What you're describing is a real phenomenon but you're missing the part where it's creating actual political consequences that extend way beyond individual pile-ons. We're building a society where people are terrified to say anything online, where self-censorship is the default strategy, where nobody actually engages with challenging ideas because the risk-reward is too skewed.

I work in media and I see this constantly. Stories that need to be told but won't be because the author is worried about one bad-faith interpretation getting ratio'd into a million people thinking they're a monster. Young people joining institutions where the first rule is basically 'don't say anything that could be screenshot.' That's not a just society. That's a paranoid society.

You can believe both that (a) the person you knew faced disproportionate consequences AND (b) we've created a chilling effect where legitimate speech is suppressed because people are terrified. Those things are both true and they're both bad.

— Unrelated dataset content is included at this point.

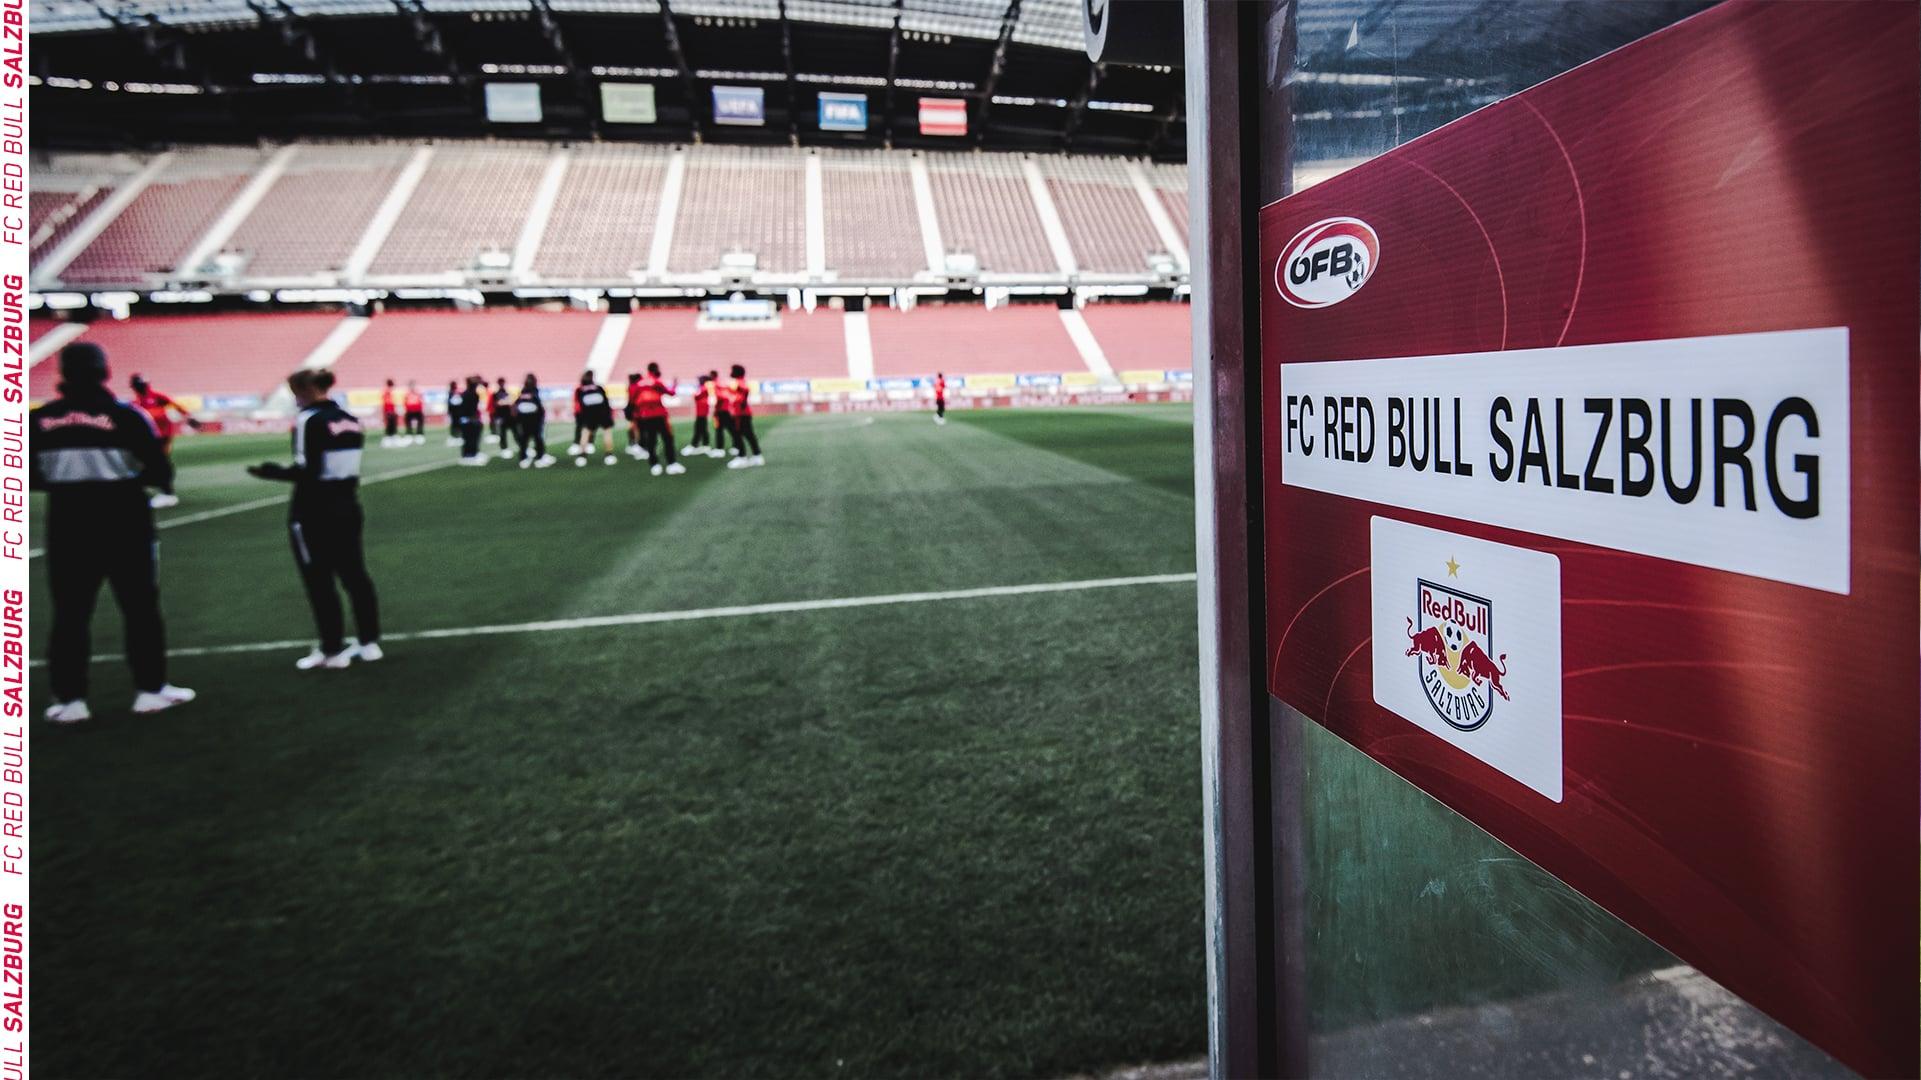 Com metas iguais, RB Salzburg e Brondby se enfrentam na tarde desta terça-feira (17), às 16h, na Red Bull Arena, em Salzburgo, na Áustria

What gets me is that this used to be understood as a civil liberties issue. We used to care about protecting people's ability to be wrong in public. We understood that growth requires the freedom to fumble. Somewhere along the way, we decided that the perfect is the enemy of the good and opted for total information warfare instead.

I don't have the solution. But I know that a society where everyone is quiet because they're afraid isn't actually more just. It's just more controlled. And it's certainly not more kind.

Feb 28, 2026

I want to be careful here because your takeaway seems to be 'therefore we shouldn't shame people' and I think there's a much more interesting question underneath, which is 'what does accountability actually do?'

Shaming can work. There's research on this. Public disapproval changes behavior in ways that private consequences often don't. If you care about people actually becoming better, sometimes social pressure is actually the most effective tool we have.

But you're right that our current version is broken. It's not shame that creates change - it's humiliation. Shame involves social disapproval that leaves room for redemption. You did something wrong, community responds, you make amends, you're reintegrated. Humiliation is just cruelty with the lights on. It's designed to make someone hurt, not to fix anything.

The person you knew? He needed shame. Maybe he needed to lose some social status for saying something offensive. Maybe that was appropriate. But what he probably didn't need was the permanent erasure, the pile-on from strangers, the review-bombing of his parents' business. That's not accountability. That's just violence.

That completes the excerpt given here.